Sun Zhang, Sun Shutao, Liu Hongtao, Zhu Qihe, Gao Zhen, Tang Zichao
Beijing National Laboratory for Molecular Sciences, Center of Molecular Science, Institute of Chemistry, Chinese Academy of Sciences, Beijing 100080, People's Republic of China.
J Phys Chem A. 2008 Nov 20;112(46):11566-74. doi: 10.1021/jp805837b. Epub 2008 Oct 23.
The reactions between lead vapored by laser ablation and different aromatic molecules (C6H6, C5H5N, C4H4O, or C4H5N) seeded in argon carrier gas were studied by a reflectron time-of-flight mass spectrometer (RTOF-MS) with a photoelectron spectrometer. The adiabatic electron affinities (EAs) of the dominant anionic products PbmC6H5(-), Pb(m)C5H4N(-) (m = 1-4) and Pb(m)C4H3 (-), Pb(m)C4H4N(-) (m = 1-3) dehydrogenated complexes are obtained from the photoelectron spectra with 308 and 193 nm photon, respectively. It is found that the EAs of Pb(m)C4H4N are higher than those of Pb(m)C6H5, Pb(m)C5H4N, and Pb(m)C4H3O with the same metal number m. The possible structures for Pb(m)C4H4N(-) complexes were calculated with density functional theory (DFT) and the most stable structure was confirmed.
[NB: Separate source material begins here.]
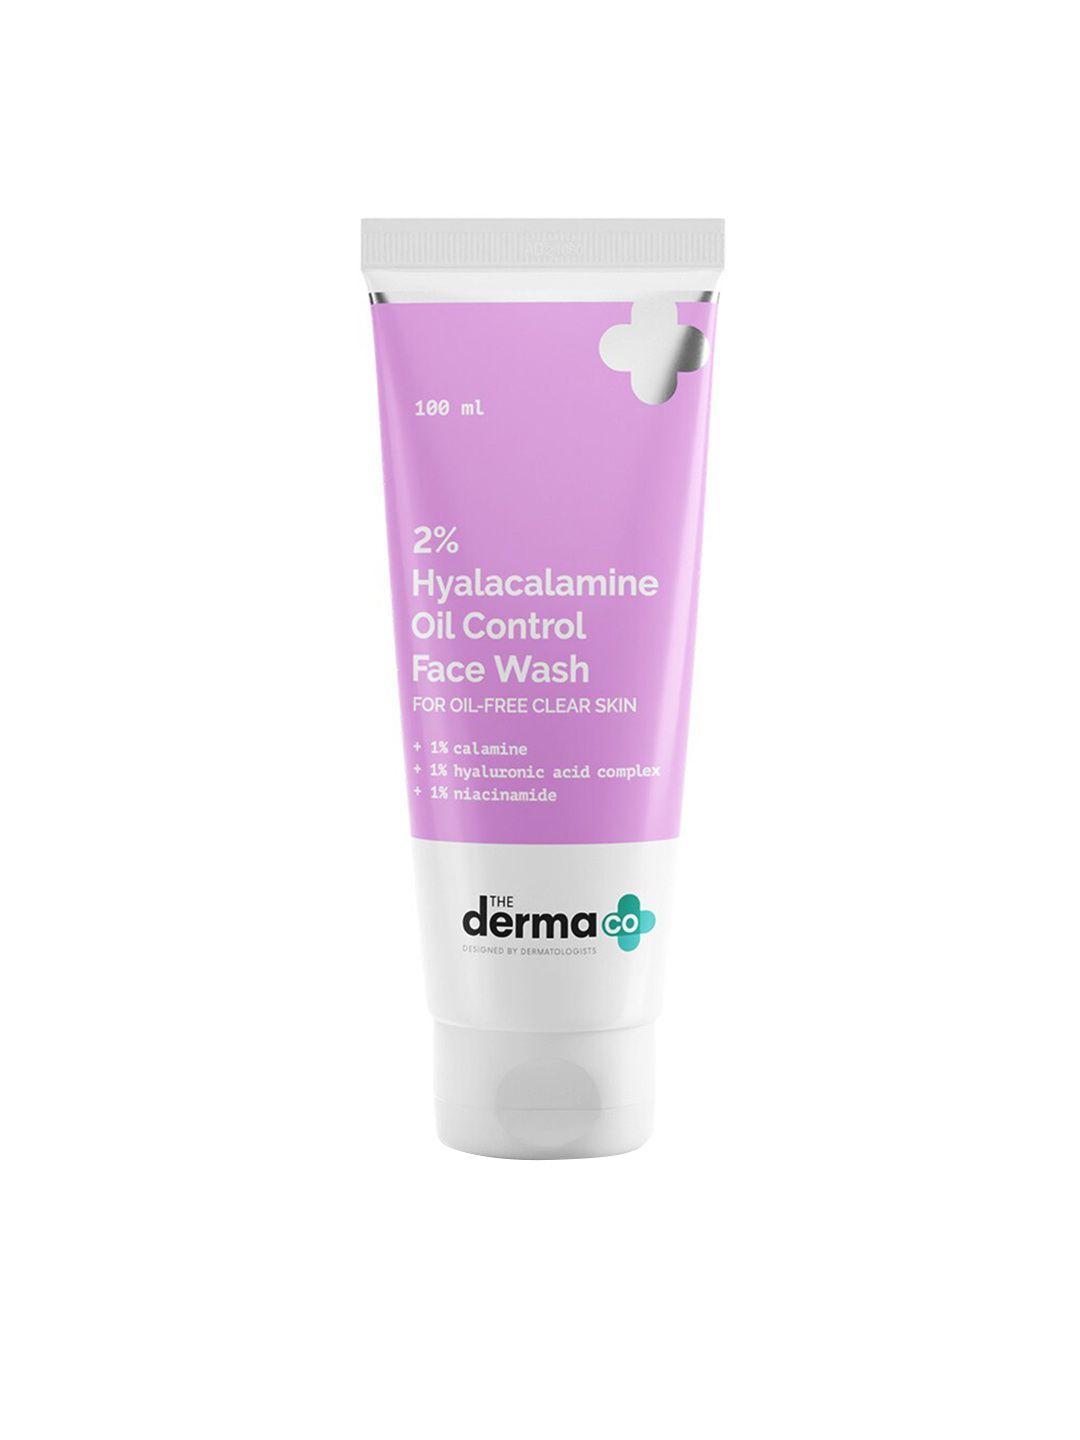 the derma co. 2% hyalacalamine oil control face wash with niacinamide - 100 ml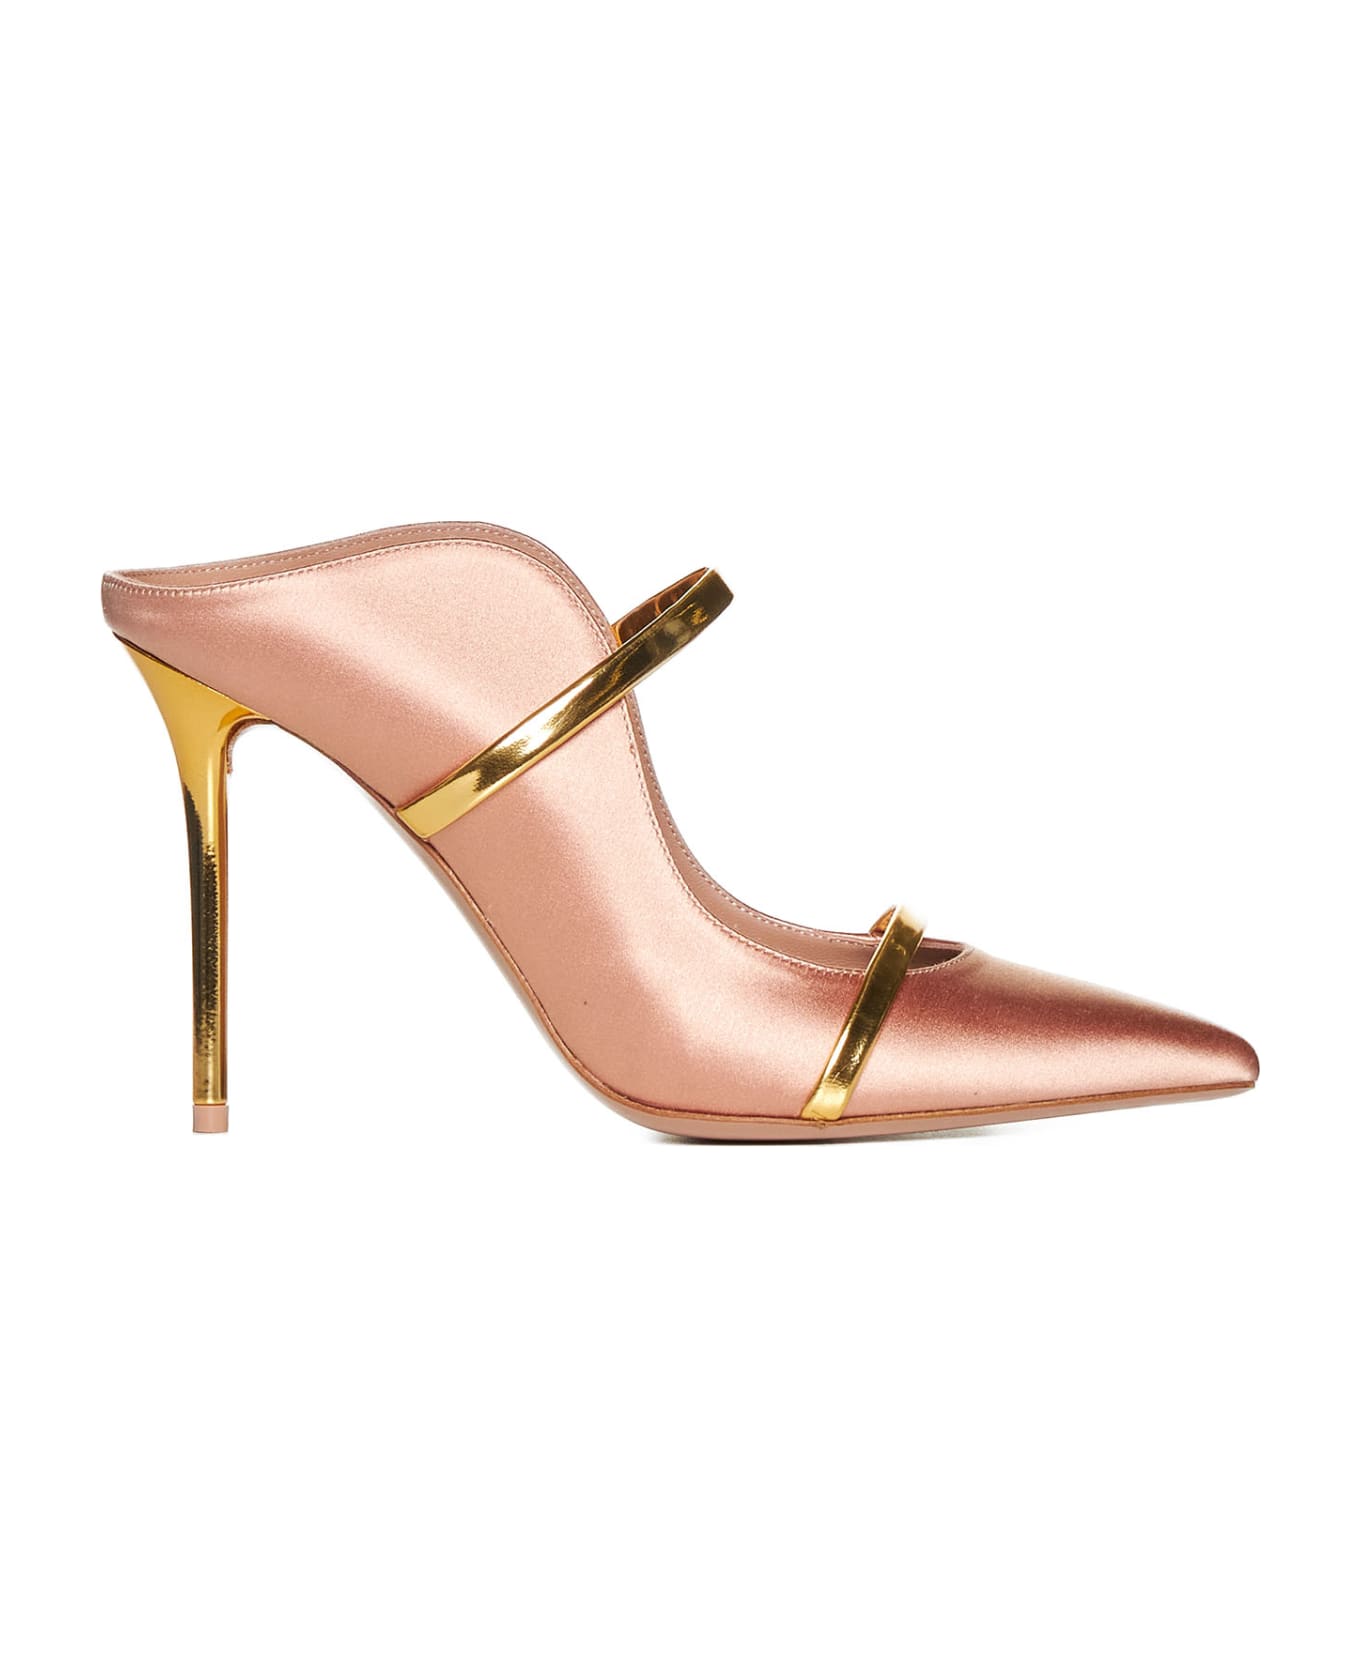 Malone Souliers Sandals - Blush/gold

The adiabatic detachment energies for the most stable structure were in agreement with the experimental PES results. The calculated density of state (DOS) agrees with the experimental PES spectrum well. It was confirmed by the theoretical calculations that the C4H4N group bonds on lead clusters through the Pb-N sigma bond.
利用带有光电子能谱仪的反射式飞行时间质谱仪(RTOF-MS),研究了激光烧蚀产生的铅蒸气与氩载气中不同芳香族分子(C6H6、C5H5N、C4H4O或C4H5N)之间的反应。分别用308和193nm光子的光电子能谱,得到了主要阴离子产物PbmC6H5(-)、Pb(m)C5H4N(-)(m = 1 - 4)以及脱氢配合物Pb(m)C4H3(-)、Pb(m)C4H4N(-)(m = 1 - 3)的绝热电子亲和能(EA)。结果发现,相同金属数m时,Pb(m)C4H4N的EA高于Pb(m)C6H5、Pb(m)C5H4N和Pb(m)C4H3O的EA。采用密度泛函理论(DFT)计算了Pb(m)C4H4N(-)配合物的可能结构,并确定了最稳定结构。最稳定结构的绝热脱附能与实验光电子能谱结果一致。计算得到的态密度(DOS)与实验光电子能谱吻合良好。理论计算证实,C4H4N基团通过Pb-N σ键与铅簇结合。